Three additional chapters, “La mujer sube a la escena,” “Raíces y globalización,” and “Construcción sonora de la nación” compose the remainder of González’s analysis. The first addresses the role of women in Chilean music while the second examines the global network in which Chilean music is located and the subsequent implications that this has on folkloric music. Considering the international conceptualization of Chile, González concludes his book with a discussion of Chilean composers, the canon and the sonic construction of national identity through music in “Construcción sonora de la nación.” While this concluding chapter addresses questions of national identity raised throughout his study, the book lacks a clear conclusion.

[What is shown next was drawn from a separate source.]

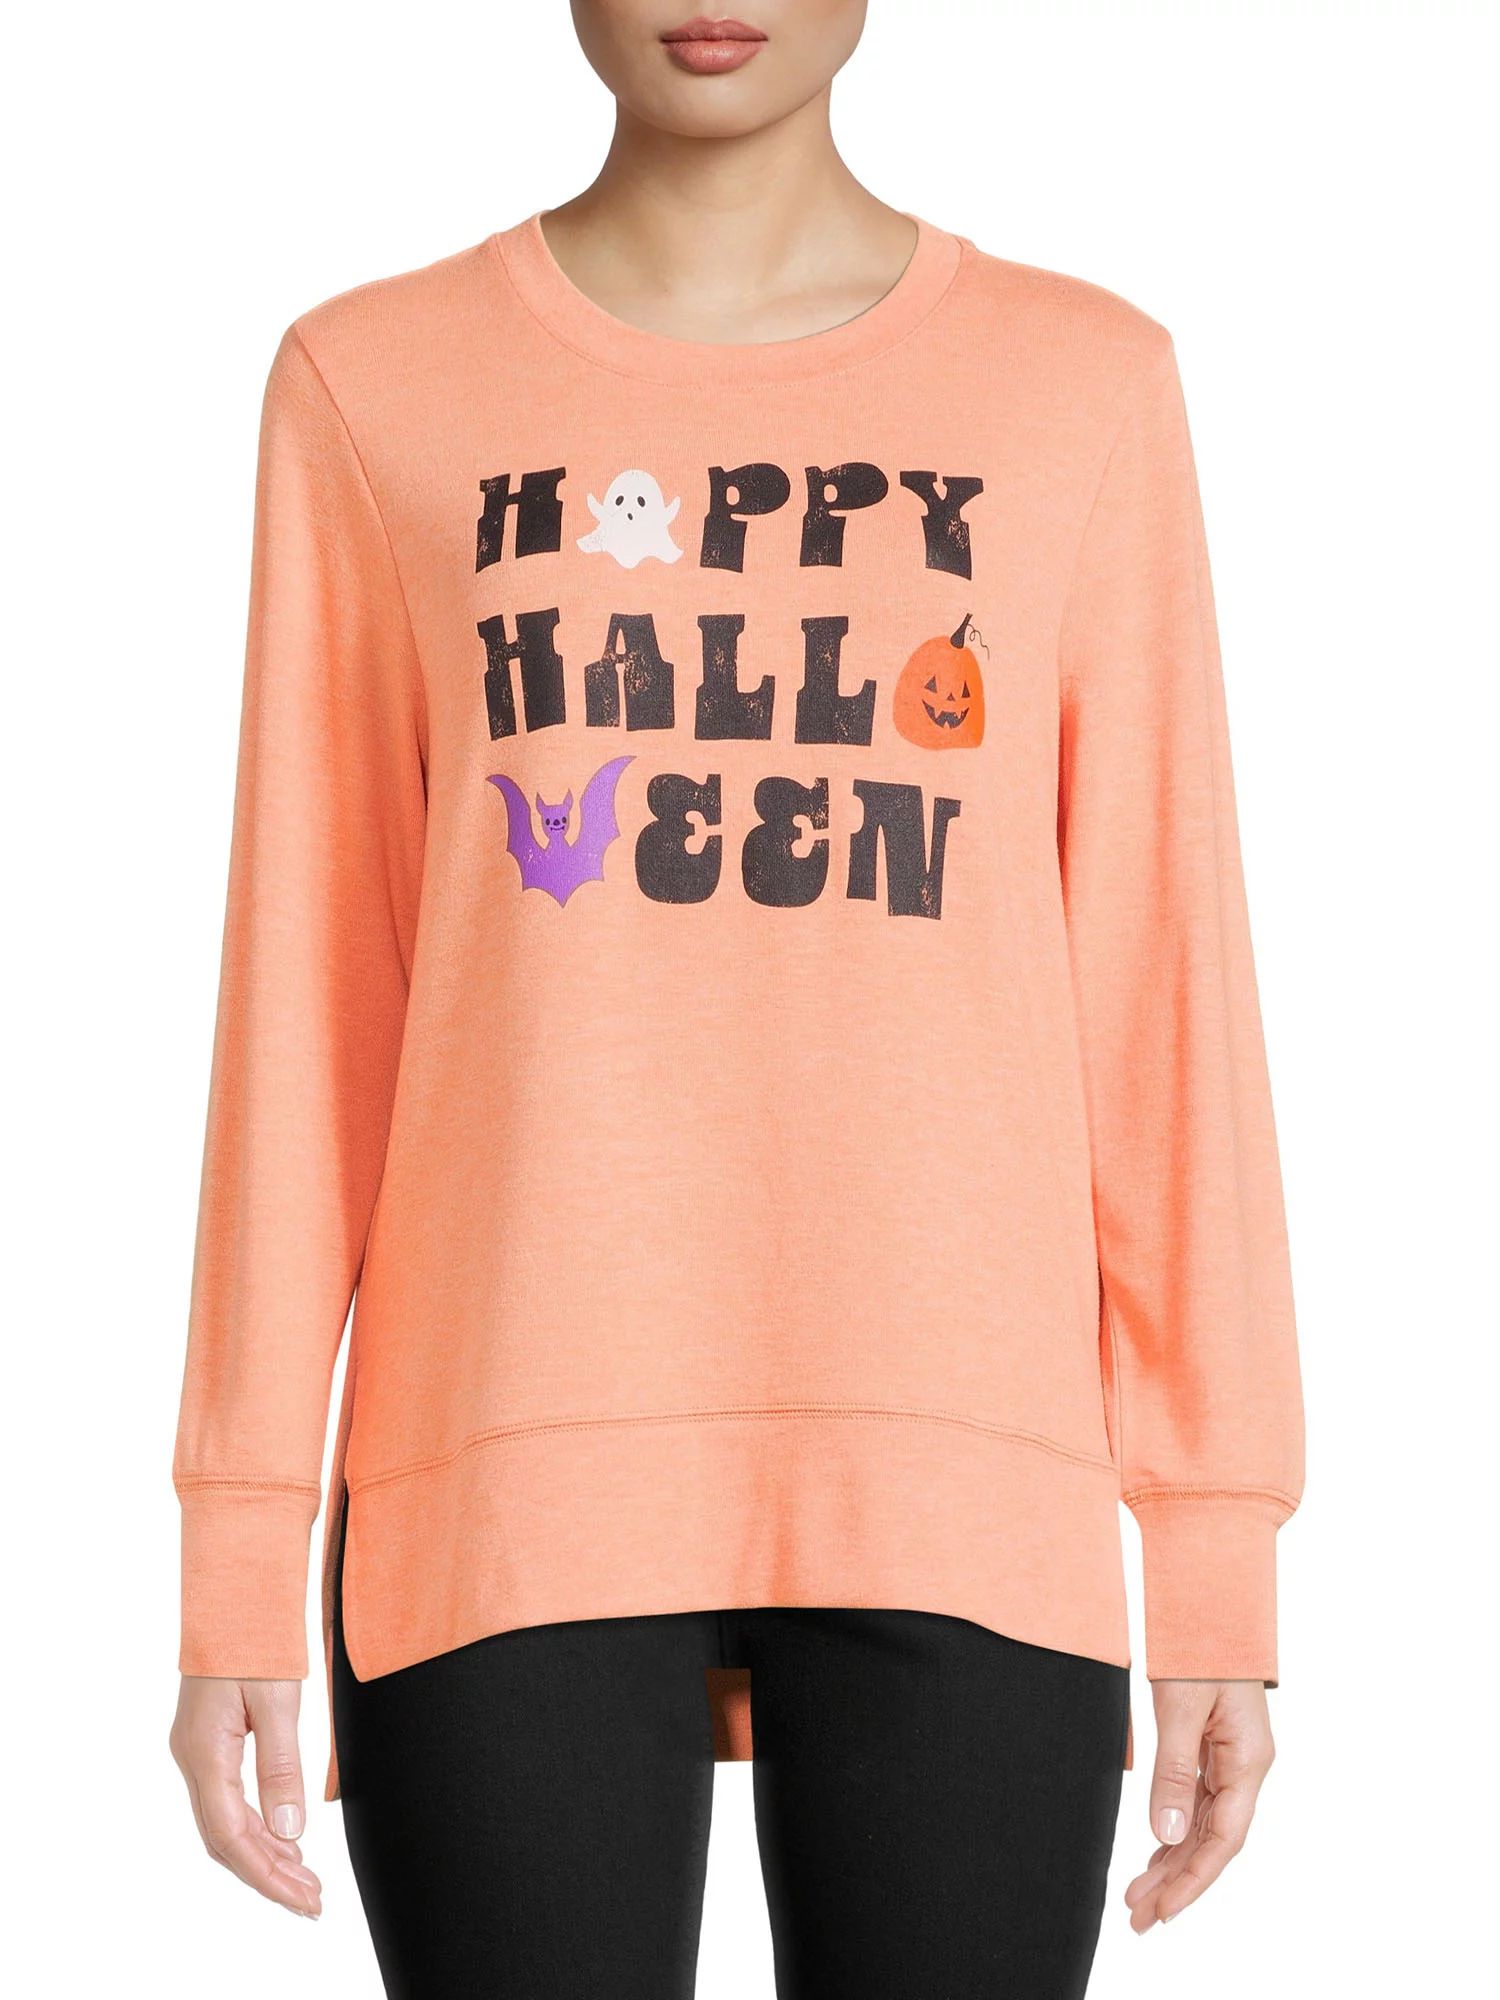 WAY TO CELEBRATE WOMEN'S LONG SLEEVE HAPPY LETTERS HACCI PULLOVER | Walmart (US)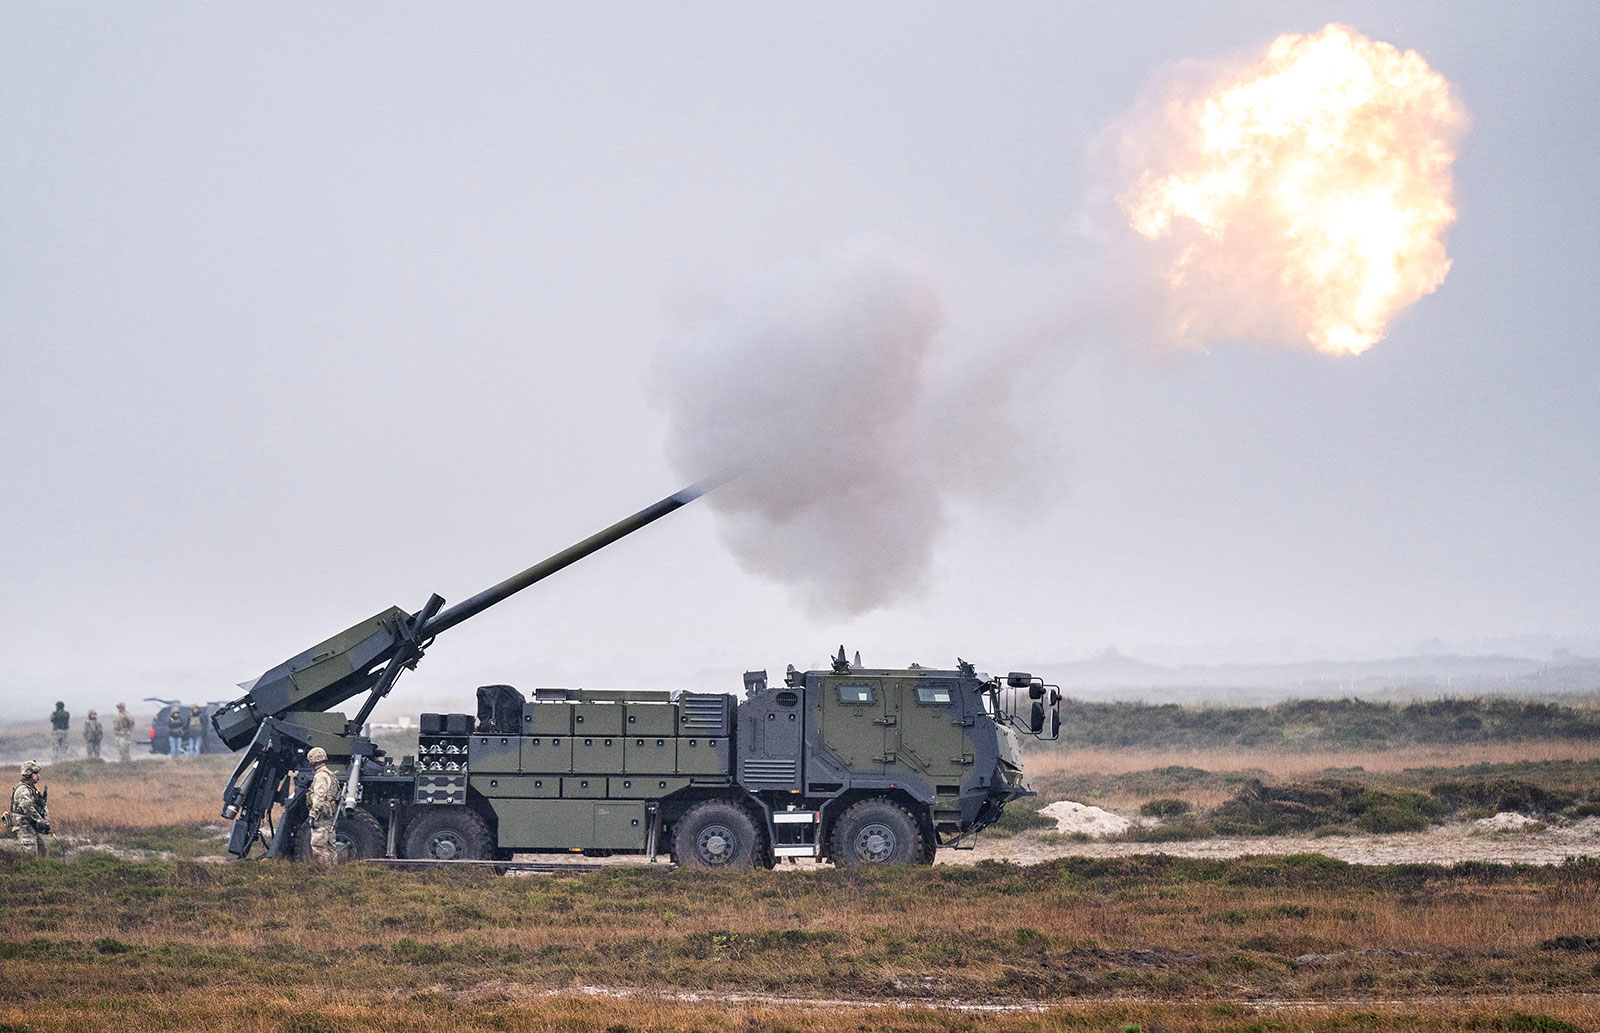 This file image shows the Danish Army "Forsvaret" presenting their new CAESAR howitzer weapon system in Oksbol, Denmark, in 2021.

This is not a book that focuses on applying theories to Latin American music, but rather a text meant to reconsider and suggest critical approaches to the study of music in Latin America. González goes on to use Chilean music as an example of Latin American music, thus providing a model for his proposed methods. In consideration of this objective, the author is highly successful. González’s writing is approachable and exhibits a depth of knowledge, though at times his analysis can read more like an inventory of critics or artists, which leaves the reader wishing for more analytic depth amid the overview of prevailing trends. This innovative book will appeal to critics studying Latin American music as well as general Latin American scholars looking for a fresh approach to their field of study.